***** Dataset content

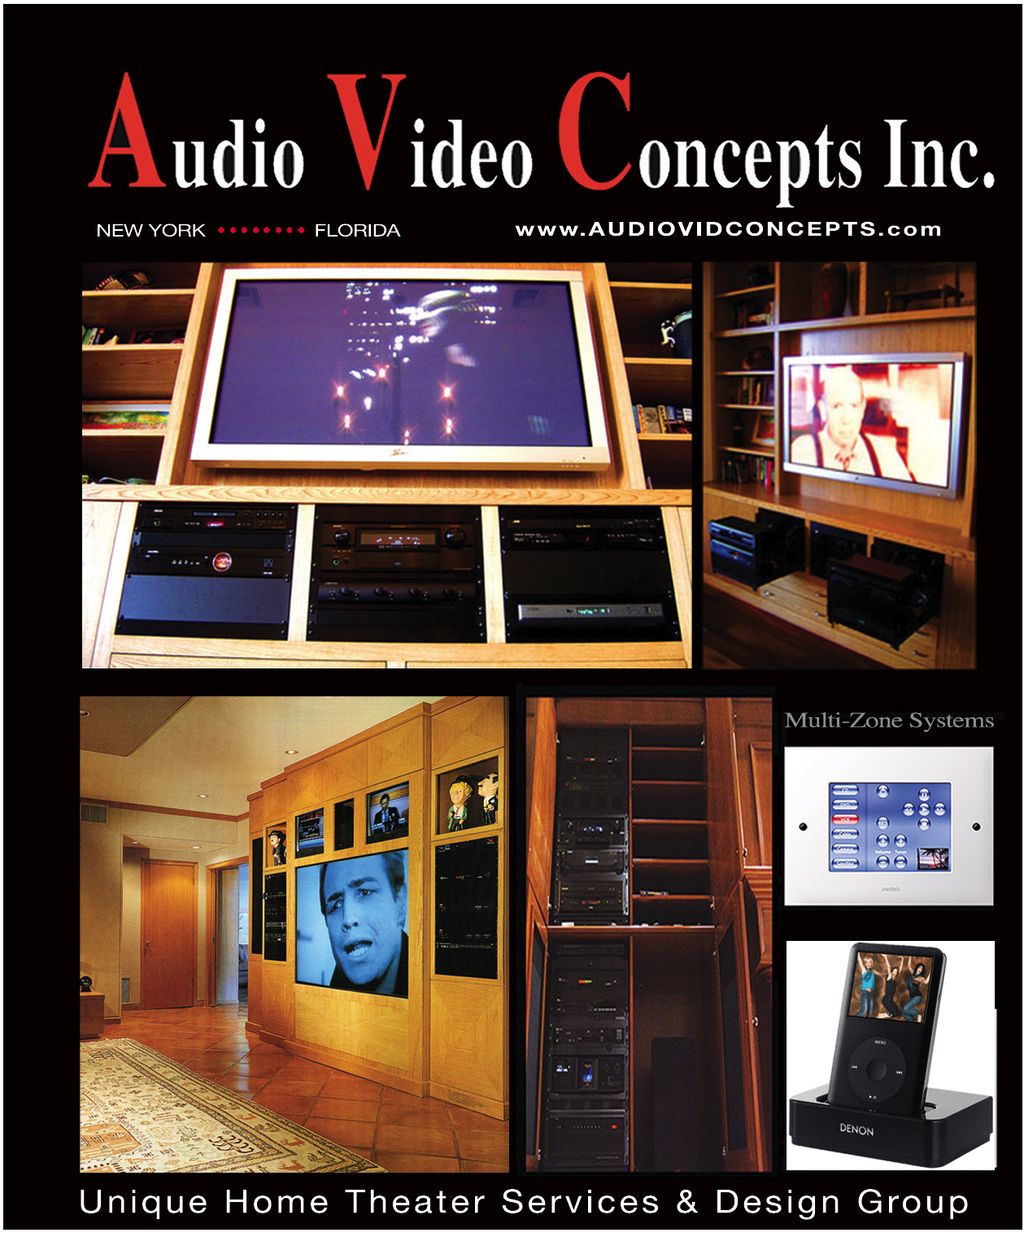 Audio Video Concepts Inc
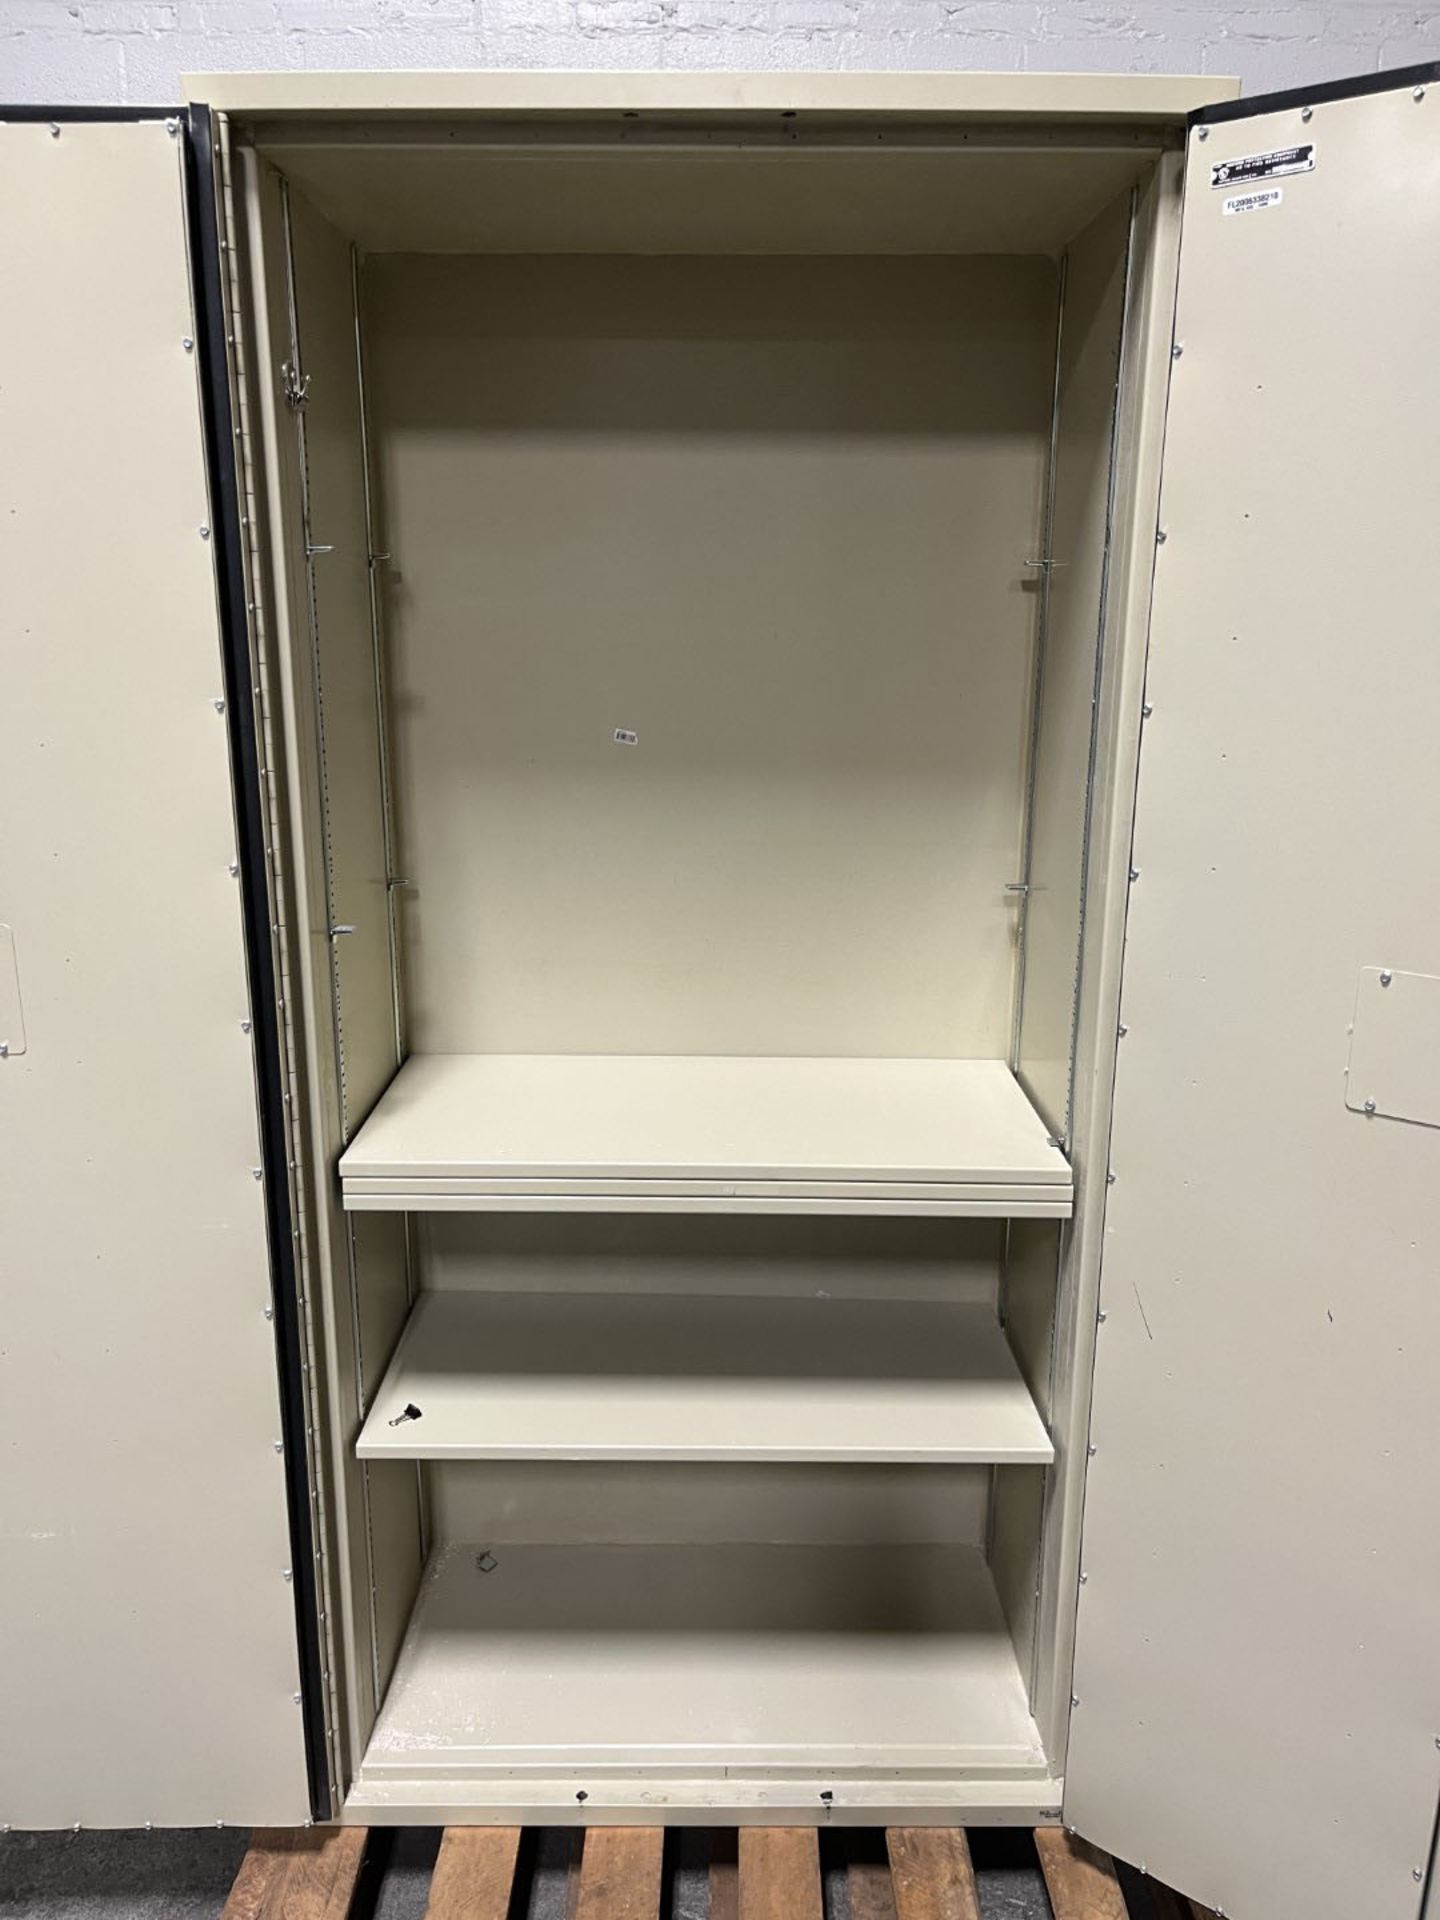 FireKing Fire Safe Storage Cabinet - Image 5 of 5
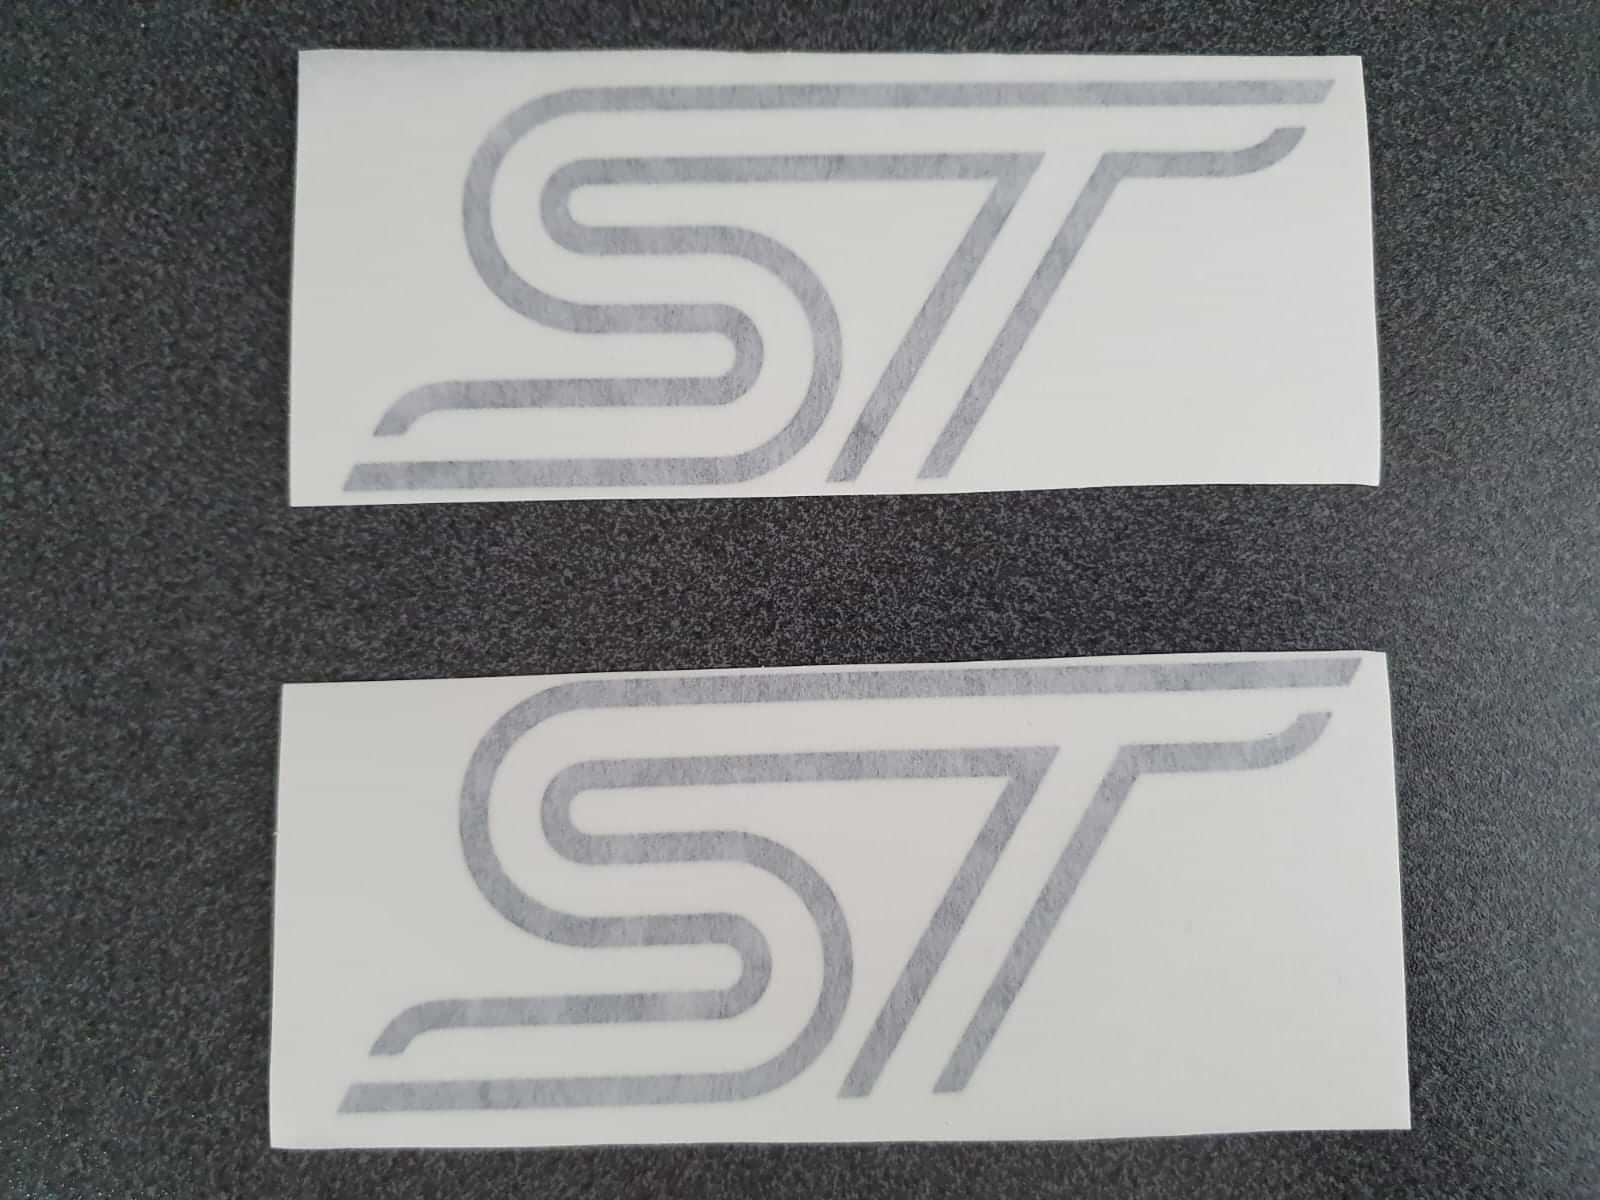 ST stickers

**********

_Your objective:_ From the material above, print everything exactly except the pictures.

_Response to this exercise:_
 Audio Video Concepts Inc
 FireKing Fire Safe Storage Cabinet - Image 5 of 5
 ST stickers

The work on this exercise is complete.